The EGI Technical Forum has gotten under way today here in Lyon, and this is the first of a few posts which I'll be giving. I was asked to provide a different perspective than what could usually be expected, one from an "African" point of view. Indeed, this TF has a large (compared to previous EGEE/EGI meetings) African participation, thanks to the EUMedGrid User Forum, which is co-located, but the continent is still extremely under-represented in these spheres. My work over the last couple of years has been to a large extent trying to change this, focussing of course on my own country, where i coordinate the national grid, but including as well the 20-odd institutes working on the HP-funded, UNESCO run "Brain Gain Initiative".
But first let me explain the meaning behind the title of this post. I'm attending the meeting with a few hats (as I'm sure most of my colleagues are) :
- Coordinator of SAGrid, to sign the MoU for resource infrastructure providers between South Africa and EGI.eu
- member of the CHAIN project, representing the Sub-Saharan region (we have a closed project meeting on Tuesday)
- Coordinator of SAGrid, presenting to the CHAIN workshop (overview of SA scientific applications)

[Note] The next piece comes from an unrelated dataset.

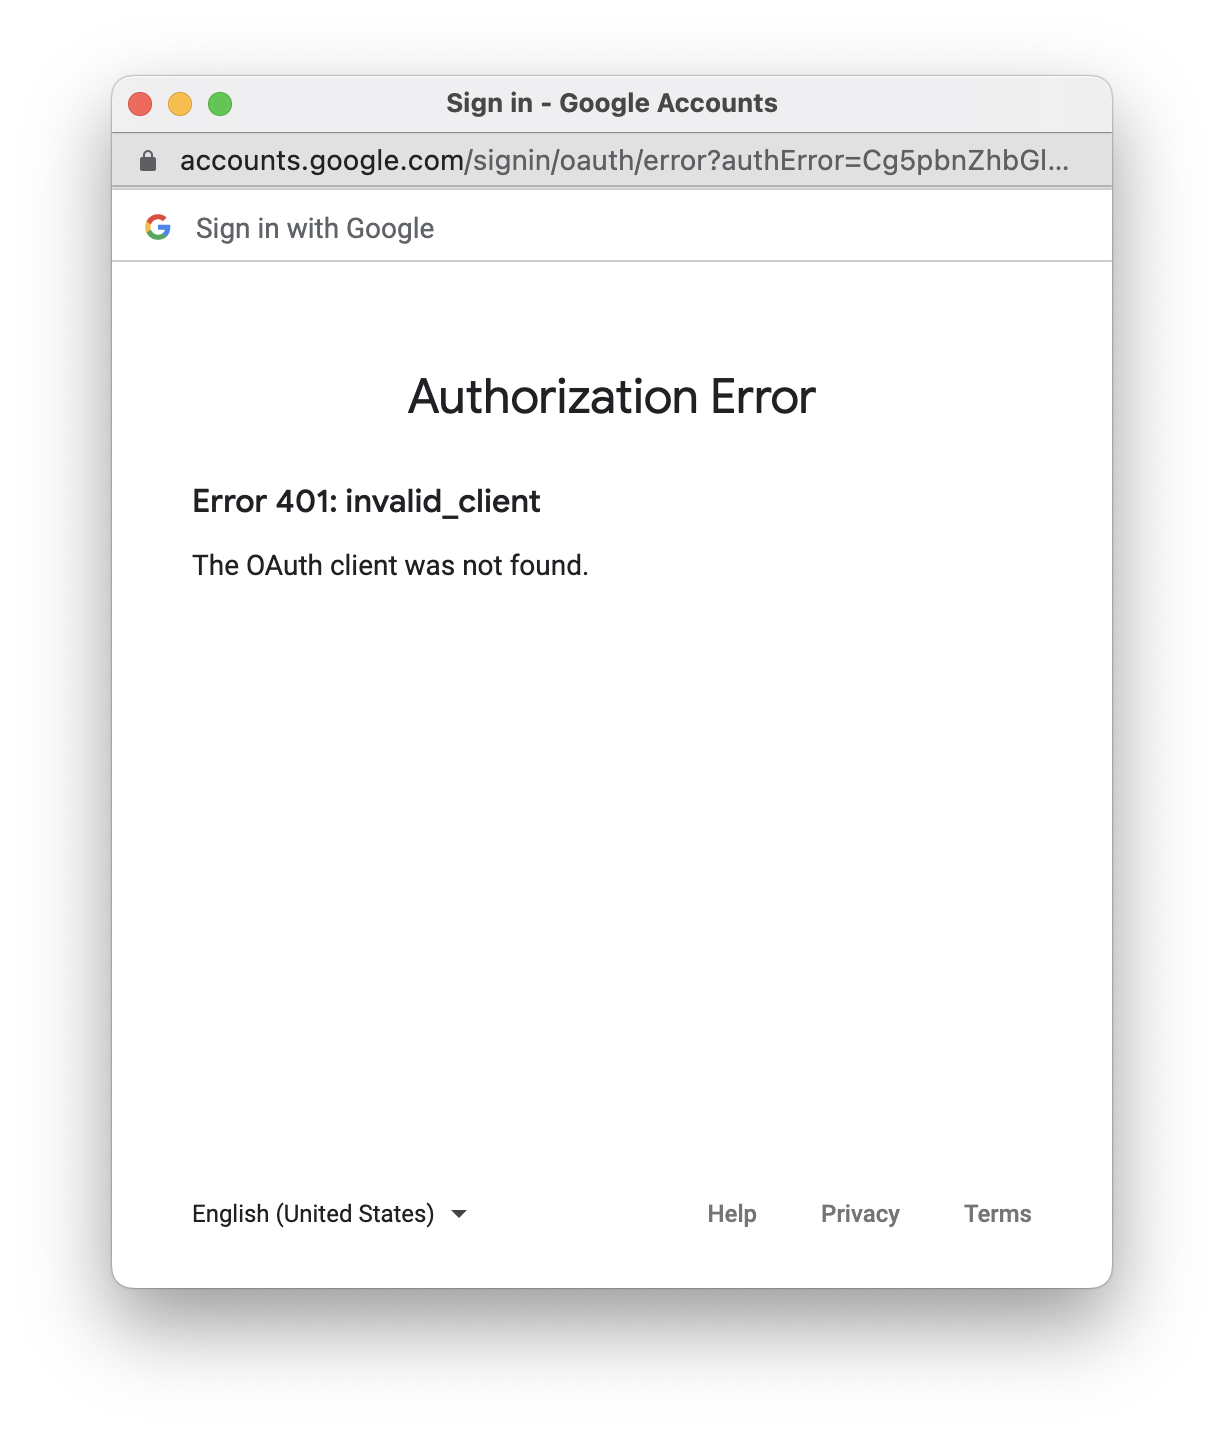 Handle API errors, Google Calendar

- finally, I'll be at the EUMed User Forum, presenting some of the work we've done in the human language research domain.
So, I really feel like there's not enough time and not enough "Bruce" to go around. As an aside, this is a strategic issue which is being resolved in South Africa, via the CHAIN project, to develop a sustainable support and development strategy, by specifying more concrete and refined roles, and resources assigned to the people involved in the project. During this time, when the final touches are being put into place for AfricaROC, we have a lot of work to do to keep up with developments in Europe, and make sure that our work in Africa is coherent with the rest of the world.
I'm very proud to be able to represent my country in this meeting and look forward to meeting old colleagues and new. What is more, I'm extremely excited about the enthusiastic researchers in Africa who are wanting to jump on the grid. We're working hard to remove barriers to entry, and ensure that they have access to the biggest and best infrastructure possible.